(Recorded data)
* * * * * * *

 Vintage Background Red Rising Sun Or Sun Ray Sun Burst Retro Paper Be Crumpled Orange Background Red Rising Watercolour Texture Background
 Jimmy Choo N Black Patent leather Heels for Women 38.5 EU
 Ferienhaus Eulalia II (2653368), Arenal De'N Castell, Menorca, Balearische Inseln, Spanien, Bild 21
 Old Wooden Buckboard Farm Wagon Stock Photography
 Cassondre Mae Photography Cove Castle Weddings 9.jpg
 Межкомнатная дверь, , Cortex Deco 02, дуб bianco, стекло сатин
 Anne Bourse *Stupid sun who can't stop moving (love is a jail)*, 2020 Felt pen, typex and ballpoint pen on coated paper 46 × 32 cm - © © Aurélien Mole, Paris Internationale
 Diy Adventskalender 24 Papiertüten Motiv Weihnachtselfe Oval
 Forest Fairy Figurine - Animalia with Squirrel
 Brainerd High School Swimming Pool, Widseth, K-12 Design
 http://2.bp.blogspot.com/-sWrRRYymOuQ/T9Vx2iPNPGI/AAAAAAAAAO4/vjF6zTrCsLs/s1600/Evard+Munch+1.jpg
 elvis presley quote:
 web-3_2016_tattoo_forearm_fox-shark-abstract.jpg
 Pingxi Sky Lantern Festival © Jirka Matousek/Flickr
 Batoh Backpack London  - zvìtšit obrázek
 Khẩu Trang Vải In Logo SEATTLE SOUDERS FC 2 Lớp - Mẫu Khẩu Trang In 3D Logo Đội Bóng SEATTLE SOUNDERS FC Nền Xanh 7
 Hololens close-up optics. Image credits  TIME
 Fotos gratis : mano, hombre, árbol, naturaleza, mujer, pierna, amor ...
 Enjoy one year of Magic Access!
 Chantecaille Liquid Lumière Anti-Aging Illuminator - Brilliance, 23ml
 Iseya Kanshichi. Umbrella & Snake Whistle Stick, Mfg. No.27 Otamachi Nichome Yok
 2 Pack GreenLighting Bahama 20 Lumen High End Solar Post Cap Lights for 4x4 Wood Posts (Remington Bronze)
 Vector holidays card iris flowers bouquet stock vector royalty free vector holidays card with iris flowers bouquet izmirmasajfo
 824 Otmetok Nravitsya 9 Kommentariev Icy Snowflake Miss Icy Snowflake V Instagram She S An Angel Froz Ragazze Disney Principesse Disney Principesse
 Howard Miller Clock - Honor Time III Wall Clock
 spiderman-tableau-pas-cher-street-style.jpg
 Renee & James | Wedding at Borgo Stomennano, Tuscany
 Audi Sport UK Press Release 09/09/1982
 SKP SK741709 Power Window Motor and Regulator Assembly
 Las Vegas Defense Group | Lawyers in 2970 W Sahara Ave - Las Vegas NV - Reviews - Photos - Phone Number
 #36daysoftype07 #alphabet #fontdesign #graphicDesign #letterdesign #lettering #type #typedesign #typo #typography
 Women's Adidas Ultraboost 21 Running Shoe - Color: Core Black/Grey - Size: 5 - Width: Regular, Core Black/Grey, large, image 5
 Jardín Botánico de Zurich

* * * * * * *

> Activity
If a line in the records holds the string "with", copy it.

> Solution for this task
 Forest Fairy Figurine - Animalia with Squirrel
 Vector holidays card iris flowers bouquet stock vector royalty free vector holidays card with iris flowers bouquet izmirmasajfo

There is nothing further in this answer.